It’s incredibly cold here, because North Idaho seems to have forgotten that we’re closer to spring than we are winter.
One of the dogs Houdini’d her way out of the backyard the other day. Pretty sure she jumped the fence.
I have finished four books, started four others, and read multiple articles for seminary, and this is only the end of the fourth week.
I’m a little tired.
But I’m doing my best to make time for writing, so here I am. Droopy eyed, icicle toes, hair extra fluffy since I got it cut yesterday.
What if we actually lived as God calls us to live? What if we were the kind of people, the sort of community, that stands out against the backdrop of the surrounding world, in the best of ways?

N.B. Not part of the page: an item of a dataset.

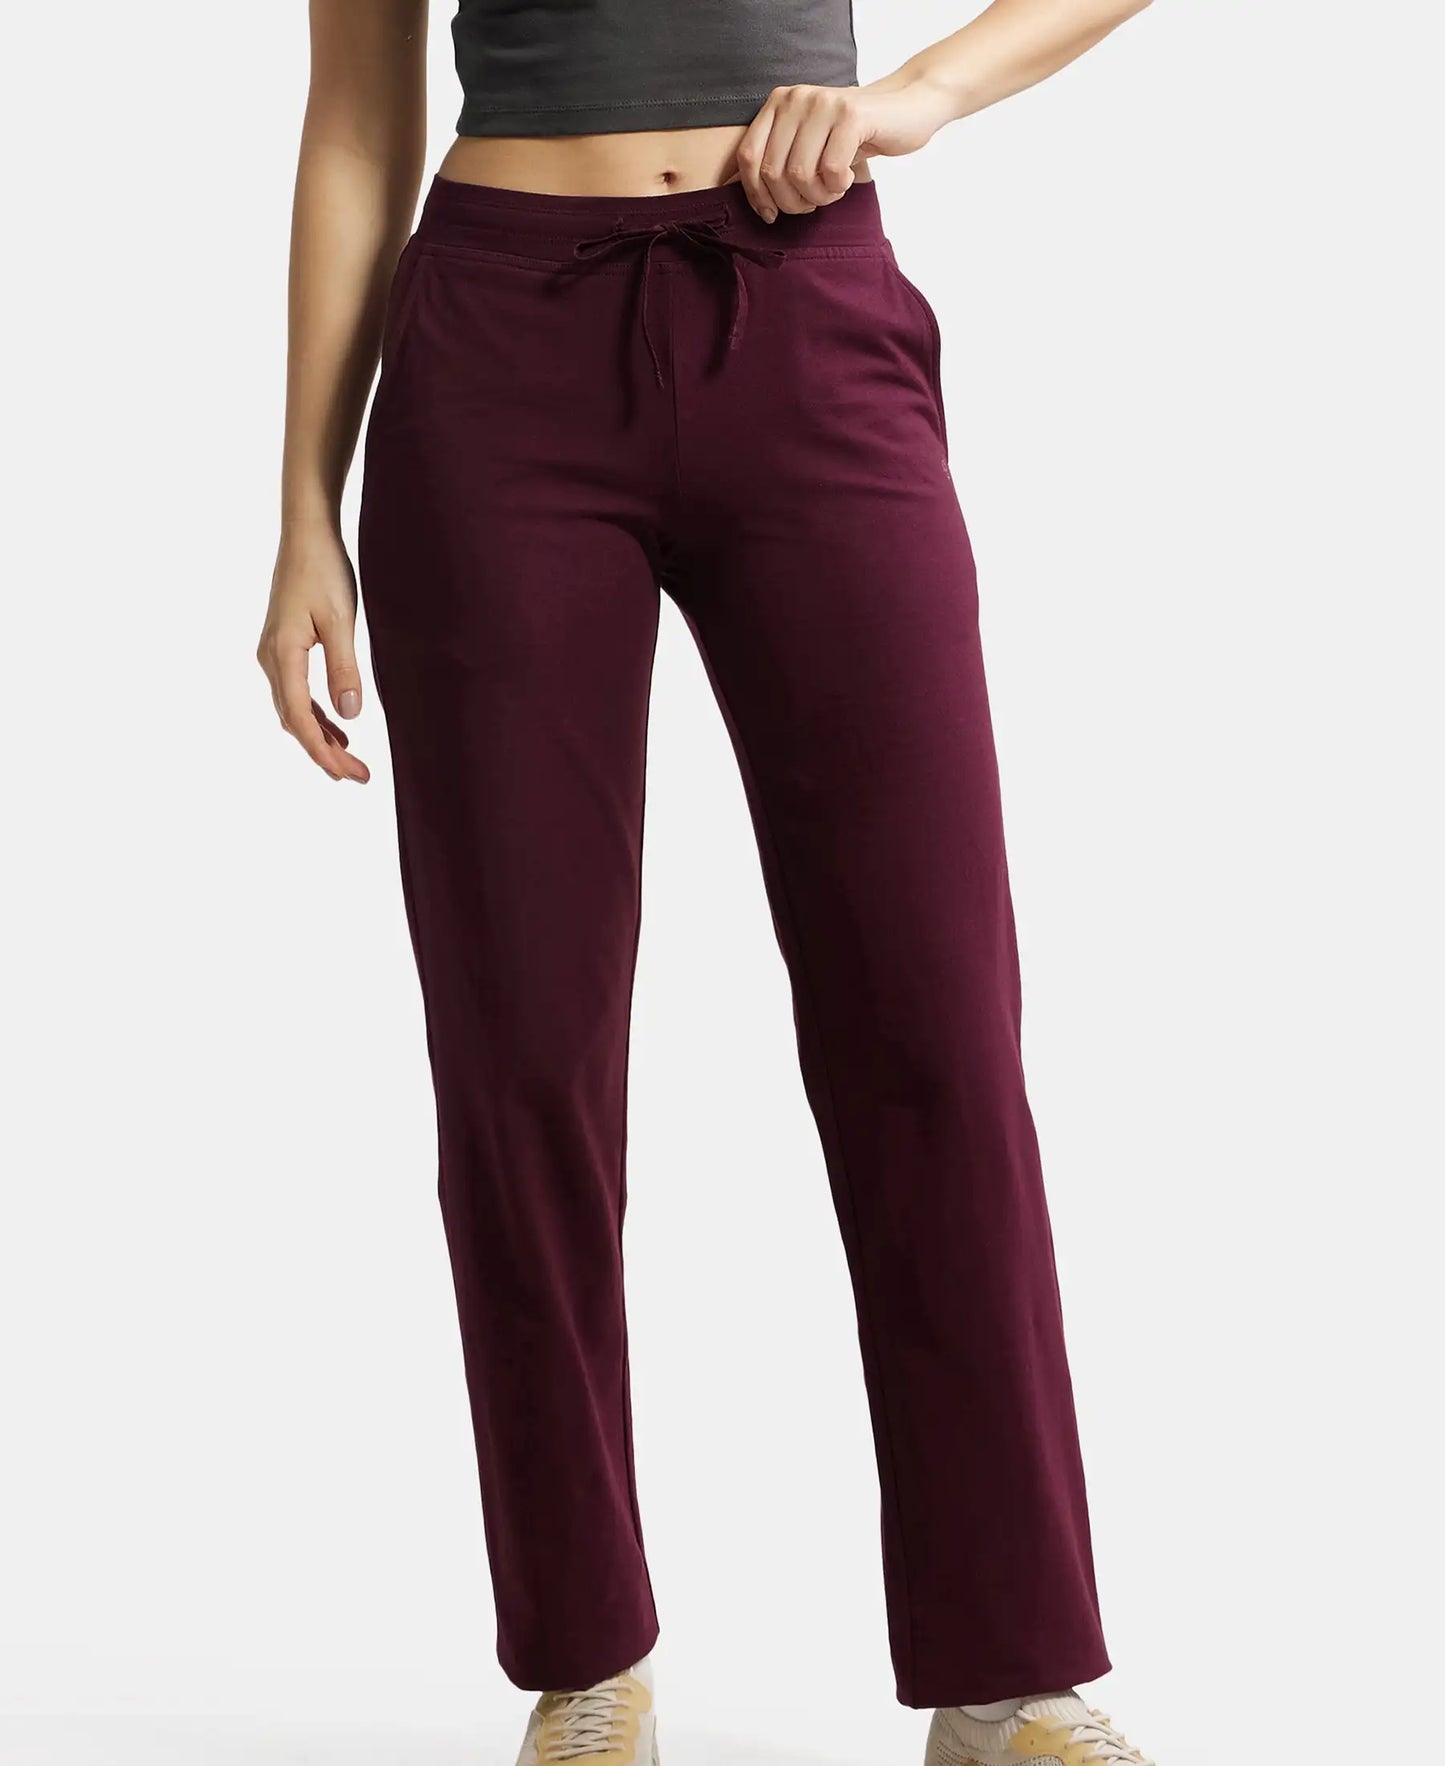 Super Combed Cotton Elastane Relaxed Fit Trackpants With Side Pockets - Wine Tasting-5

We got into a lengthy discussion about this today in class. I couldn’t help getting hot under the collar. I am untangling my own flawed understanding of holiness – it’s not just about outward behavior – so I don’t want to get caught up in any sort of legalism, rigid rule-keeping. I don’t want the Church to emphasize crushing perfectionism and conformity.
But I do want the Church to stop providing shelter for unrepentant exploiters, users, abusers. I want the Church to stop being so afraid of looking at our history, of how we’ve been influenced by and even capitulated to cultural forces that are antithetical to the Gospel. I want us to stop refusing to have the difficult conversations. To stop justifying, ignoring, excusing. To stop avoiding repentance.

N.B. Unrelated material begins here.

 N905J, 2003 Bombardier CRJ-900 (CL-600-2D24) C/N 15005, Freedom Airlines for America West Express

I want the Church to stop asking victims to continue bearing the weight of their victimizers, for fear of angering the victimizers. That is a power dynamic utterly foreign to the way of Christ.
For several years now I have believed that God is exposing the faults in God’s Bride as she is situated in the Western context in order that we might learn to let go of attitudes, beliefs, and actions that are not pleasing to God. And what if we did that? What if we let go of racism, sexism, classism, nationalism, denialism, all the isms, and grabbed onto the ethics of the Kingdom? Justice, mercy, humility, truth, love?
What if, once we did that, we discovered that Scripture really is true, and anything else we attached ourselves to is empty?
That God, and God’s way, really is what we need?